A likely reason for the shortcoming in commercial antibody identification may be that journal reporting guidelines rarely require catalog numbers be reported for antibodies (or any other reagent type for that matter). More commonly, only a name and location of a manufacturer are required. For example, the journal “Immunology” simply states: “Materials and Methods: sufficient information must be included to permit repetition of experimental work. For specialist equipment and materials the manufacturer (and if possible their location) should be stated” (Wiley Online Publishing). By contrast, the Journal of Comparative Neurology (JCN) is one of the rare journals that do require more precise reporting of antibody metadata, including their catalog number. An extensive evaluation of 6,510 antibodies in the JCN Antibody Database (Wiley Online Publishing, 2013) revealed that a catalog number was reported in over 90% of the antibodies captured in their database (AE Bandrowski, NA Vasilevsky, MH Brush, MA Haendel, V Astakhov, P Ciccarese, J McMurry and ME Martone, unpublished data, and re-evaluated in this study). This highlights how a simple solution such as requiring catalog number reporting can vastly improve resource identification in the literature.

Notably, as more data is becoming available about protein structure, localization, and function, the identity of peptide immunogens and epitopes used in creating an antibody becomes increasingly valuable for explaining its performance in different applications. Identification and tracking of immunogens is one area where there is considerable room for improvement among vendors and resource databases. Efforts such as the Immune Epitope Database (IEDB) (http://www.iedb.org/), a manually curated repository of immunological data about epitope recognition, can be looked to for guidance in how to capture and represent relevant data about such epitopes. The IEDB curates papers that report discovery of new epitopes and even in this very specific use case where the goal is to report on the specific epitope, only 81% of the epitopes they curated had the epitope sequence provided in the published manuscript (R Vita, unpublished data).

Cell lines

A source for cell lines was rarely reported and the lack of source was the most common factor for their low identifiability in our study. For commonly used, unmodified lines such as HEK293T cells, our guidelines required a source be provided in addition to the line name. This information was deemed important given the tendency of lines propagated in isolation to diverge genetically through continuous passages (Hughes et al., 2007). There are increasingly documented occurrences of cell line misidentification and contamination, as highlighted by the infamous HeLa contamination statistics (Gartler, 1968) and other cell line contaminations (Phuchareon et al., 2009). Simply reporting the name of the line without a source fails to provide any information on the history and integrity of the line. For lab-generated or genetically modified cell lines not available from a public source, identification required a basic description of the line’s establishment procedure, its anatomical source, and/or the precise genetic modifications made (see details in Methods section).
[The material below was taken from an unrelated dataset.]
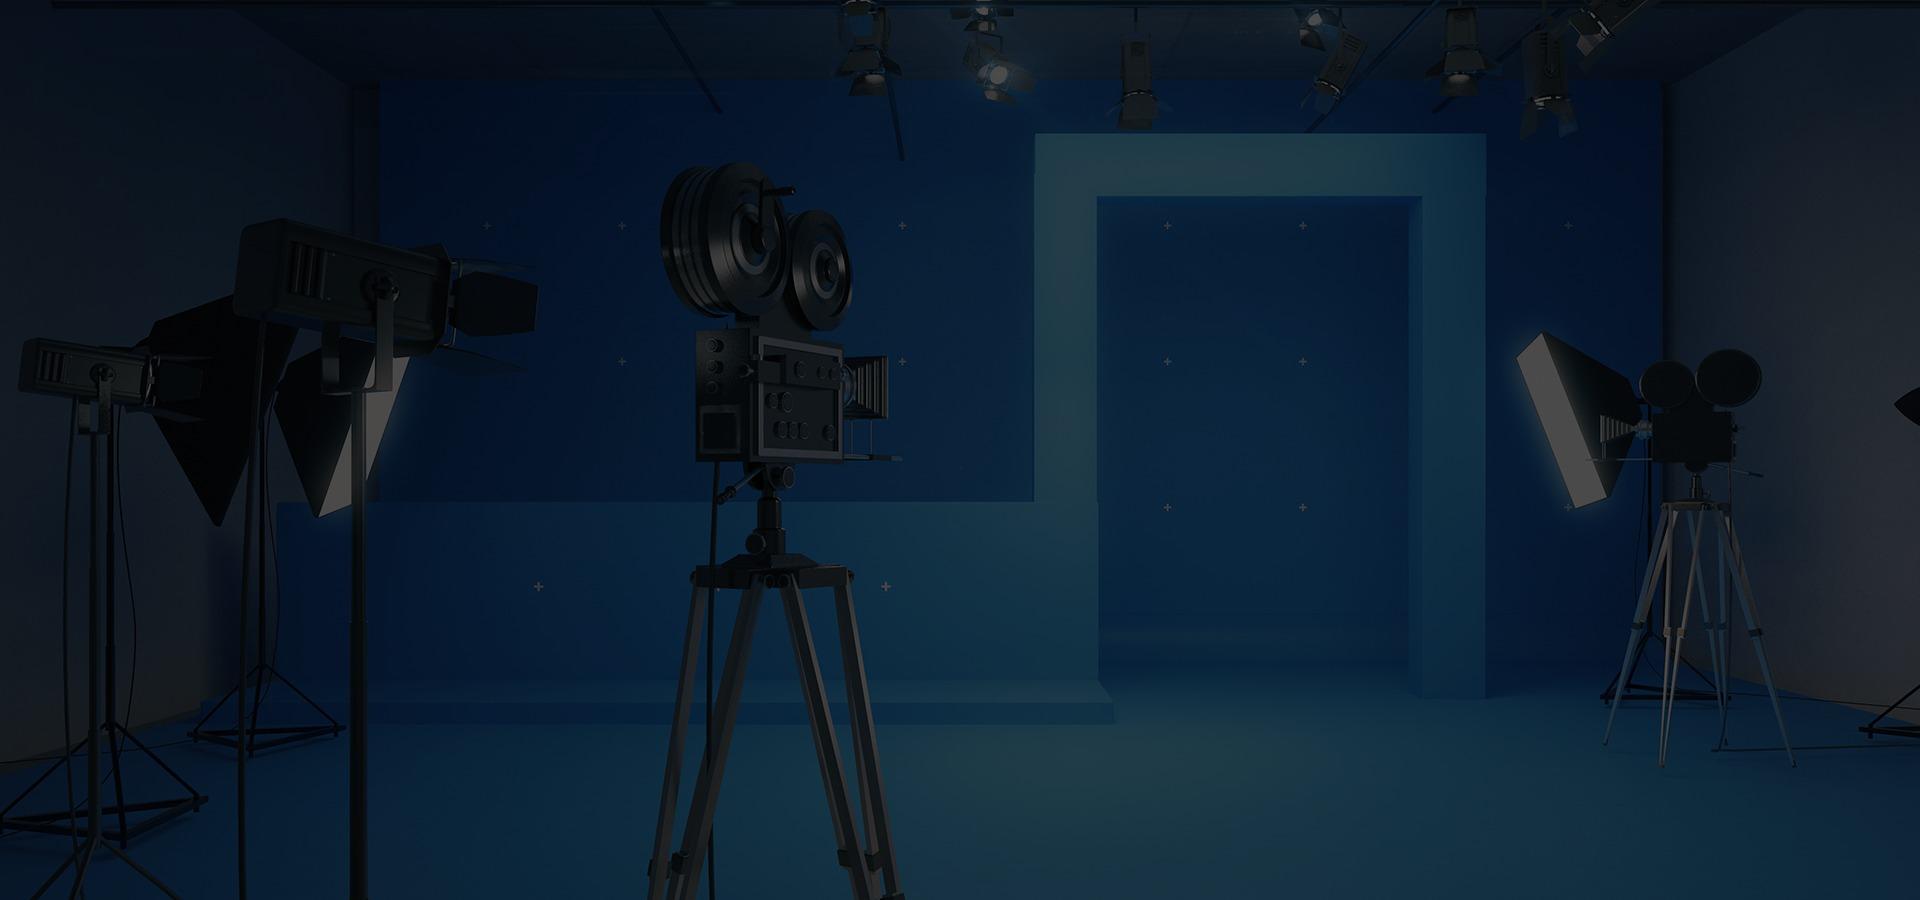 https://actedcity.com/wp-content/uploads/2020/07/film-studio-6.jpg
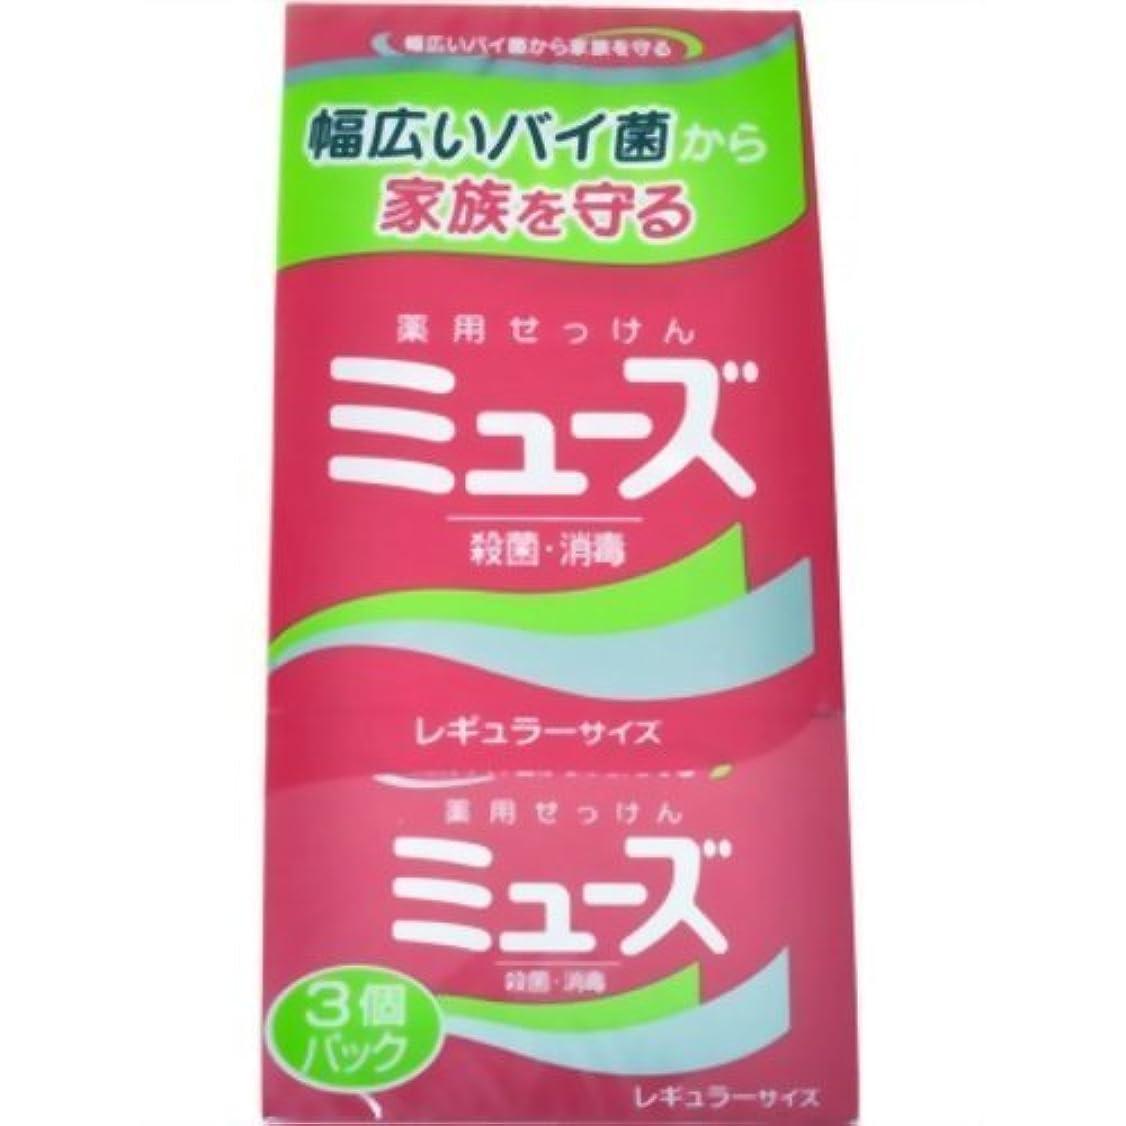 ウガンダ資本主義ミニチュアミューズ石鹸 レギュラー 3P ×6個セット

Based on these criteria, the identifiability of cell lines was comparable to that for antibodies, averaging 43% across all disciplines (Fig. 1C). A notable difference was found for cell line identifiability between our lowest and highest reporting disciplines—General Biology (0% identifiable) and Immunology (88% identifiable). This may reflect the tendency for less rigorous reporting requirements and reduced space allocation for methods that are common in high-profile journals we included in this category (e.g., Nature, Science). By contrast, the majority of cell lines reported in Immunology papers adequately referenced either the lab, investigator, or commercial supplier that provided the cell line, which may indicate more rigorous conventions for sharing and attribution for cell lines in this community; however, due to the low number of cell lines evaluated in immunology journals in this study, we cannot make this conclusion.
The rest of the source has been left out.